Nested lists get sanitised incorrectly
An invalid list, still parsed correctly by browsers and email clients of the sort:
<ul>
<li>Topic 1</li>
<ul>
<li>Item 1</li>
<li>Item 2</li>
<ul>
<li>Sub 1 </li>
<li>Sub 2</li>
<li>Sub 3</li>
</ul>
<li>Item 3</li>
</ul>
</ul>
Gets parsed as:
<ul>
<li>Topic 1</li>
<li>
<ul>
<li>Item 1</li>
<li>Item 2</li>
<li>
<ul>
<li>Sub 1 </li>
<li>Sub 2</li>
<li>Sub 3</li>
</ul>
</li>
<li>Item 3</li>
</ul>
</li>
</ul>
which is definitely not the intention of the original html. The proper desired output would be:
<ul>
<li>Topic 1
<ul>
<li>Item 1</li>
<li>Item 2
<ul>
<li>Sub 1 </li>
<li>Sub 2</li>
<li>Sub 3</li>
</ul>
</li>
<li>Item 3</li>
</ul>
</li>
</ul>
Another proper desired solution would be to allow a change in this tag balancing behaviour.

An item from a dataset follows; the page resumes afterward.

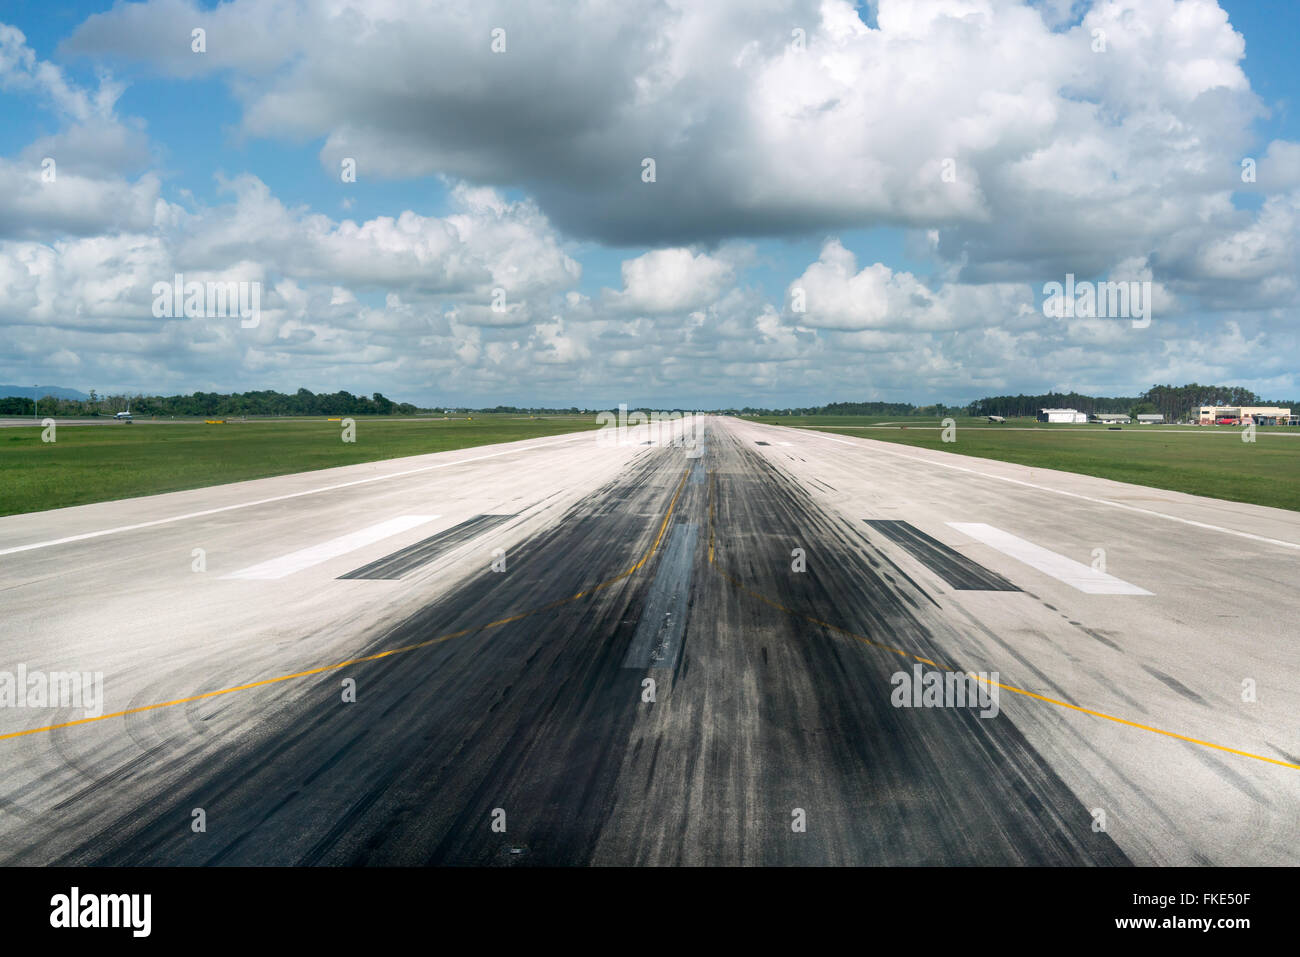 Runway of airport, Trinidad, Trinidad and Tobago Stock Photo

I see HtmlElementTables.impliedElements handles this logic and there is even this comment
// If we require above that all <li>s appear in a <ul> or <ol> then
// for symmetry, we require here that all content of a <ul> or <ol> appear
// nested in a <li>.
// This does not have the same security implications as the above, but is
// symmetric.
But there is no way of overriding this behaviour
If the sanitizer produces structurally invalid markup, there's a greater risk of HTML parsers getting confused so I can't do that.

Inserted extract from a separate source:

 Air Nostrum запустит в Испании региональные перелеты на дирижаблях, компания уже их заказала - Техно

If I allow overriding umpteen behaviors, then testing with a handful of configurations doesn't give confidence in most of the possible configurations.
If I were to add a class to elements synthesized in this way, then you could try to fix it up with some CSS.
<style>
li.synthesized { list-style: none }
</style>
<ul>
<li>Topic 1</li>
<li class="synthesized"><ul>
<li>Item 1</li>
<li>Item 2</li>
<li class="synthesized"><ul>
<li>Sub 1 </li>
<li>Sub 2</li>
<li>Sub 3</li>
</ul></li>
<li>Item 3</li>
</ul></li>
</ul>
Unfortunately, my CSS isn't strong enough to know whether there's a way to disable list-style when the only child of an <li> is a <ul> or <ol>. Something like the below would work, but isn't supported in CSS IIRC:
li:has(> ul:only-child), li:has(> ol:only-child) {
list-style: none
}
It seems to me that arguing that an invalid meaning has a precise meaning is twisting the meaning of "invalid". Within a <ul> or <ol> all non-whitespace content has to be inside a <li> tag. Upon encountering content outside of a <li> there are four possibilities:
- Discard it
- Surround it in a
<li> - Add it to the previous
<li>if there is one, otherwise do what? - Add it to the succeeding
<li>if there is one, otherwise do what?
Obviously none of these are definitively correct, because the input is invalid. Furthermore, assuming a tag may extends past its explicit end as @pcelentano argues for seems a perverse treatment of a valid tag.
In this case option 2 is repeatable everywhere and does not discard potentially important content. I believe the current implementation provides the best solution possible.